Sadly, my family has never offered any kind of help which I have prayed that they would for about 17 years now. 

    It sounded to me that you have people who probably feel like they want to help you even if it's in a small way, so, if I were you, I'd accept help whenever it's offered.  This will help you and also make the giver feel good that they could at least do something.

   I have a feeling you're the oldest child, or at least the oldest girl, in your family.  I am and I think it's harder still because we have been taught to take care of our brothers and sisters since we were small.  We grow up being very independent but have the softer side of nurture in us.  You have every right to be cared for also.   And you don't have to be availabe every time.  Sometimes it's just not humanly possible.

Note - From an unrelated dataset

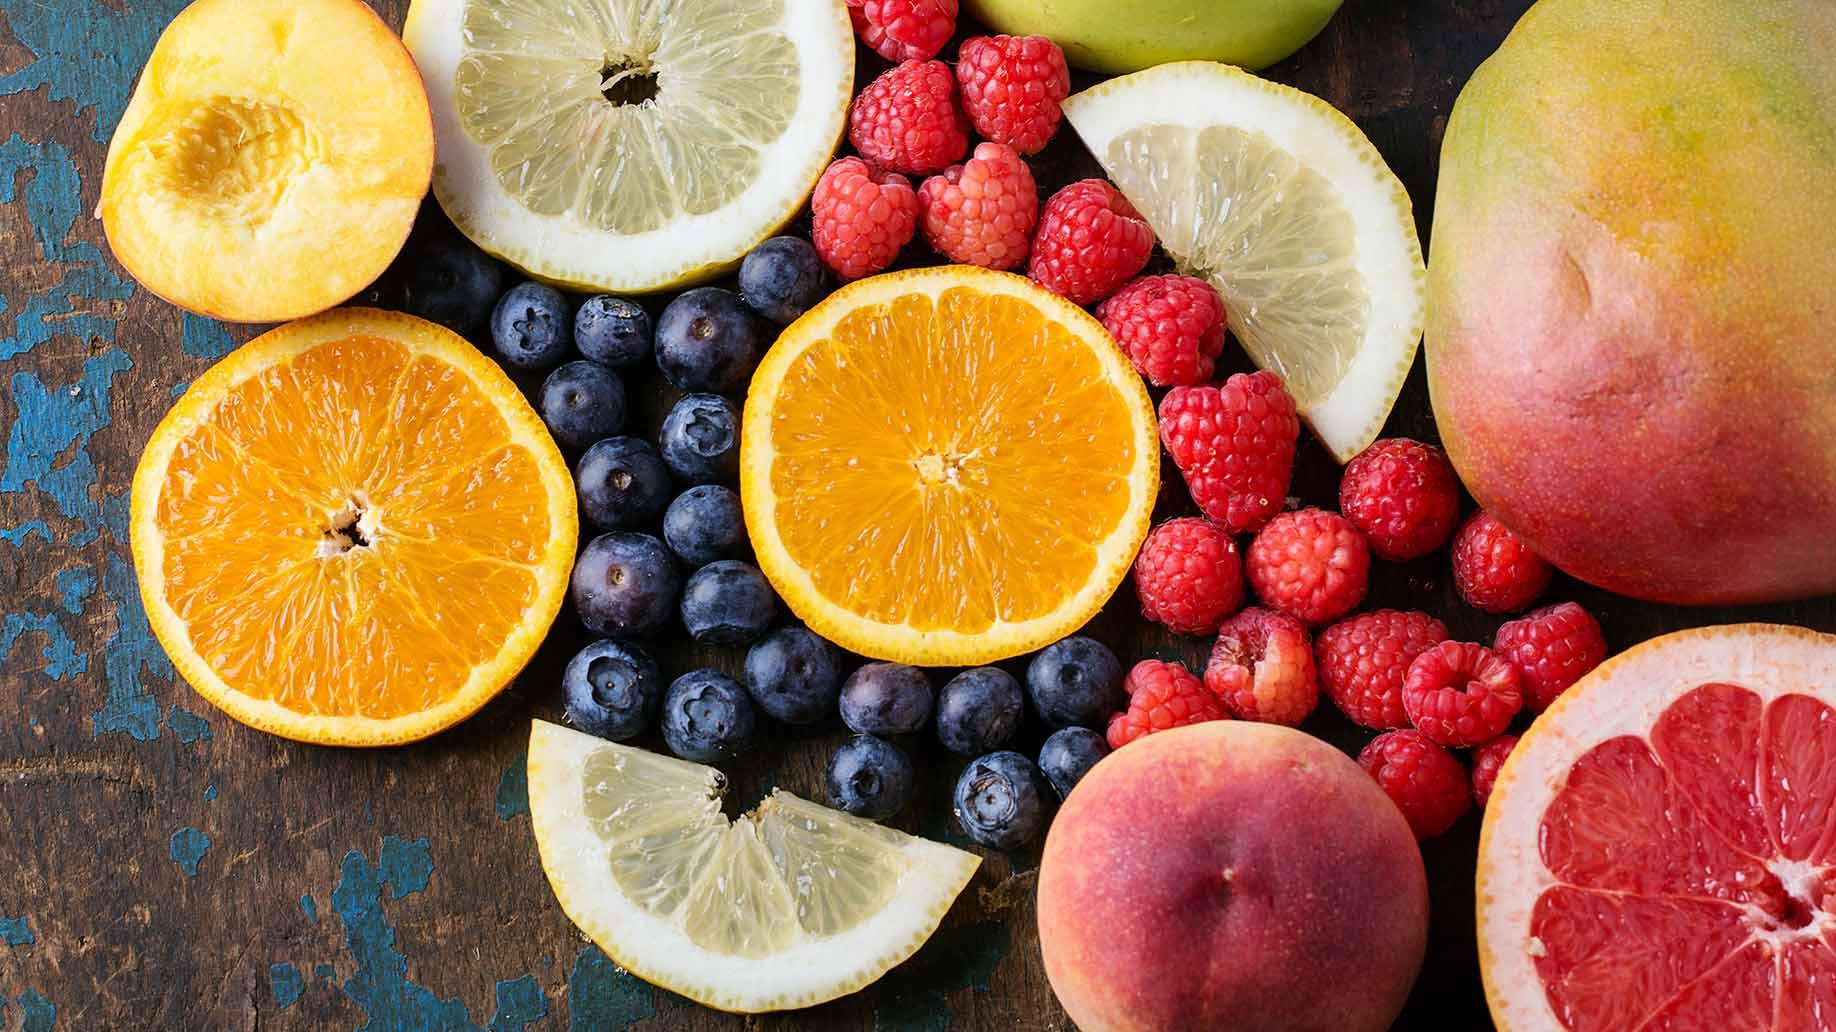 d mannose peach mango berries orange lemon grapefruit urinary tract infection uti natural remedies

    In closing, I want to congratulate you and send you many blessings for being your daughter's advocate.  People in chronic pain really aren't up to the task although I've tried.  It seems people listen to my husband talking about what I've been going through rather than listen to me.  And that is kind of strange since I'm my mother's legal guardian (She has Alzeimer's.) and have had to go to bat for her numerous times.  She too is in and out of the hospital at least 3 times a year and one of them is always, always Christmas time.

    Take care of yourself too, please, so you can be there for your daughter in the worst scenarios.  Believe me she'll be happier about it too!